Seeking:  The seeker is generally born, within our direct experience, as an acknowledgement that something may be missing from our lives.  The seeker can also ‘explode onto the scene’ as the result of a traumatic experience, or a particularly difficult set of circumstances.  For some, the seeker is just a natural unfolding that comes without any coaxing at all.  What produces the seeker is generally of less importance than the simple fact that the seeking quality has emerged within our experience.  As this seeking quality arises, we somehow find ourselves compelled to question the inner workings of our own minds, and to find answers that resolve the incongruities of our apparent existence.  We may develop an insatiable appetite for knowledge about religion, spirituality, psychology, science, and more.  We may dedicate a large part of our lives to the activities of seeking, such as prayer and meditation, participation in spiritual communities, listening to teachers, going through various forms of psychotherapy, and engaging in a myriad of other such explorative methods.  Some of us may even go so far as to travel to distant lands, or disappear into cloistered spiritual communities where everything is a reflection of our spiritual intent.  There is really no wrong way to engage in the activity of seeking – the seeking itself draws us in whatever direction we need to go.  It is enough that we are seeking.  What really matters is the degree of sincerity and earnestness with which we approach our seeking activities; the degree of self-honesty that we are willing to apply to our seeking process.  If our desire is pure, and we are willing to do the work required of us, then we greatly increase the chances that we will experience that which is sought – the experience of ‘awakening’


Awakening:  When we begin to talk about the true nature of an authentic ‘spiritual awakening’, we may be tempted to believe that this terms has a particular meaning associated with it.  Because we already have a preconceived notion, we may prefer to seek out descriptions that are consistent with these notions rather than opening ourselves up to the possibility that it may not ‘mean’ what we think it does.  In fact, one of the most challenging aspects of talking about spiritual awakening is the mind’s tendency to insert itself into the dialogue and begin describing what it wants the awakening to be.  For many of us, we are fixated on the end result of the awakening process – not on what it actually takes to arrive at it.  We want the peace that is promised, the freedom from suffering, the bliss of being; but we want it in pill form so that it’s easy to swallow and offers immediate benefits.  None of these preconceptions actually have anything at all to do with awakening though.  Awakening is something else entirely.  This gentle warning is offered to the seeking mind so that it is prepared to engage in an honest discussion about what an awakening really is.  The experience of awakening can be a gradual one, or it can come on all at once, but its quintessential hallmarks are largely consistent across the stories of all those who have been invited into it.  They are common enough, at least, to warrant mention.  These include the direct comprehension of emptiness and wholeness; not as mind-made conceptualizations, but as an intimate and immediate realization of ourselves as unconditioned awareness.  This realization is not the end of the journey however, it is the beginning of a new one – a deepening into the understanding of who and what we truly are.

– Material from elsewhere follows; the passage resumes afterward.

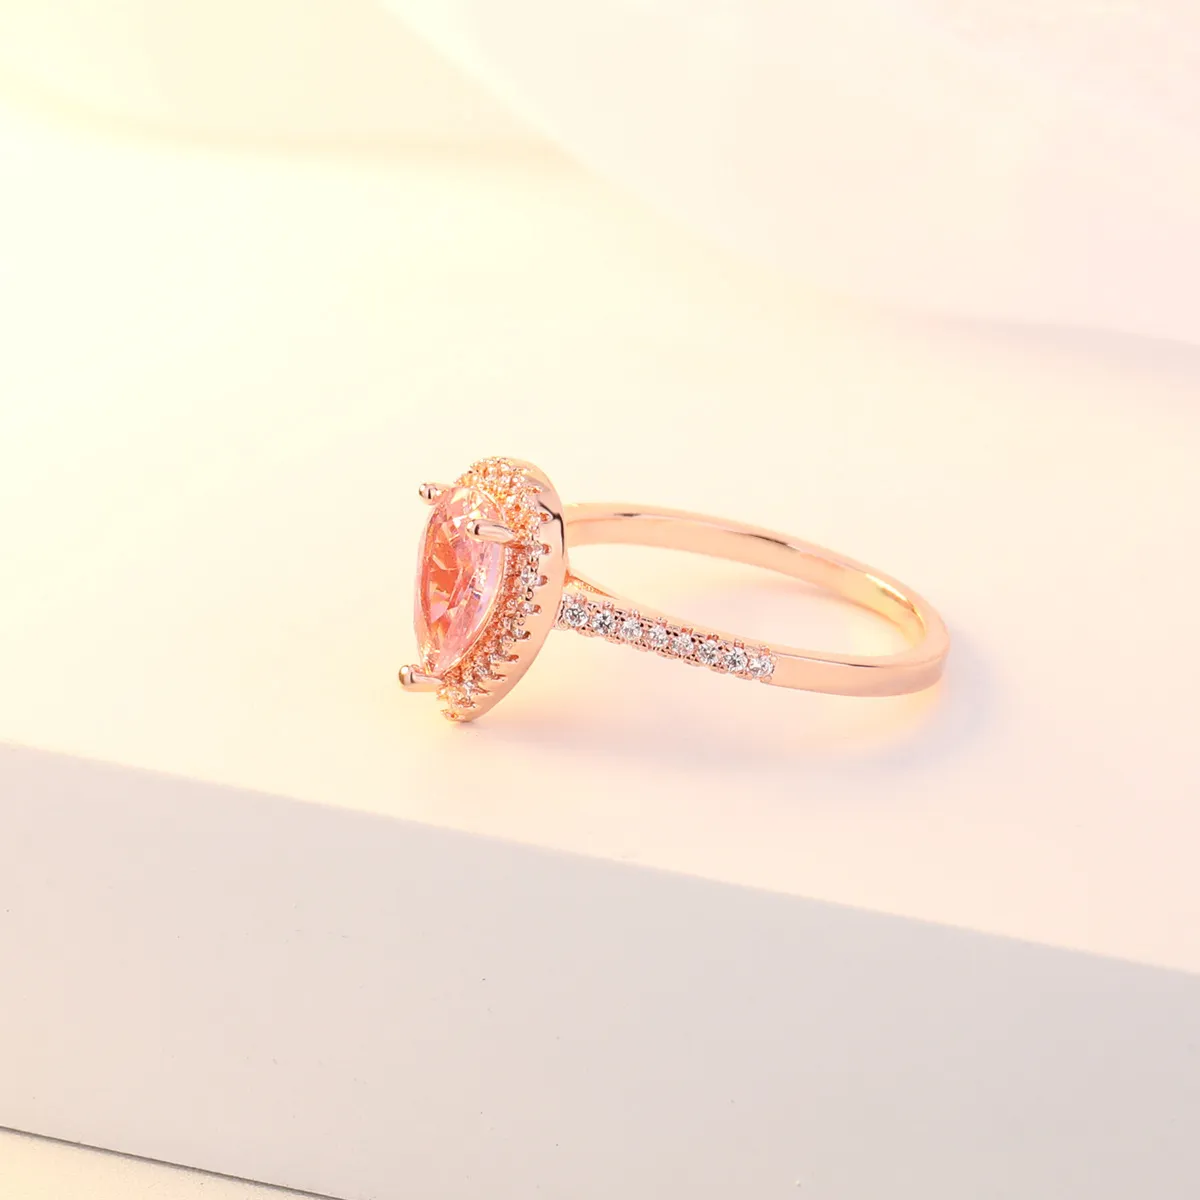 OMHXZJ Цельноевропейское модное кольцо для женщин и девочек, свадебный подарок, капля воды, розовый, белый циркон, кольцо из розового золота 18 карат, RR5983400836

Deepening:  Once we have crested the shores of awakening, and glimpsed the fundamental truth of our essential nature, we are properly positioned to engage our seeking activities from an entirely different vantage point.  It is the awakening process itself that demands deepening.  As we awaken, we begin to recognize that, although we are none other than awareness, our conditioned minds still have a tremendous hold over our experience of life.  This conditioned mind is very much akin to an old-style record, with many deep groves in it.  If we are to arrive at a culminating point in our experience of awakening, then we must take the time to polish the record until all of the grooves have disappeared.  For many, the deepening process is actually the most difficult and challenging stage of awakening.  It can even include a more pronounced sense of suffering than before our experience of awakening.  During this stage, we are forced to feel everything, investigate everything, and allow everything.  The weight of watching our inner and outer worlds crumble can be devastating to the egoic mind, and is absolutely inescapable.  We are often drawn into a dance of fear and surrender that requires us to abandon every aspect of our old conceptual world and learn how to become comfortable with a new life of complete uncertainty.  Meanwhile we are also called to experience ourselves with such love and compassion that we fall inward towards its invisible center of gravity.  As we empty ourselves of ourselves, this love pours in from every direction, completely consuming our old identity and restoring our inherent innocence, wonder, and joy.  Eventually something begins to dawn within our direct experience – a sense of wholeness, fullness, and completeness that gives way to the quality of ceasing.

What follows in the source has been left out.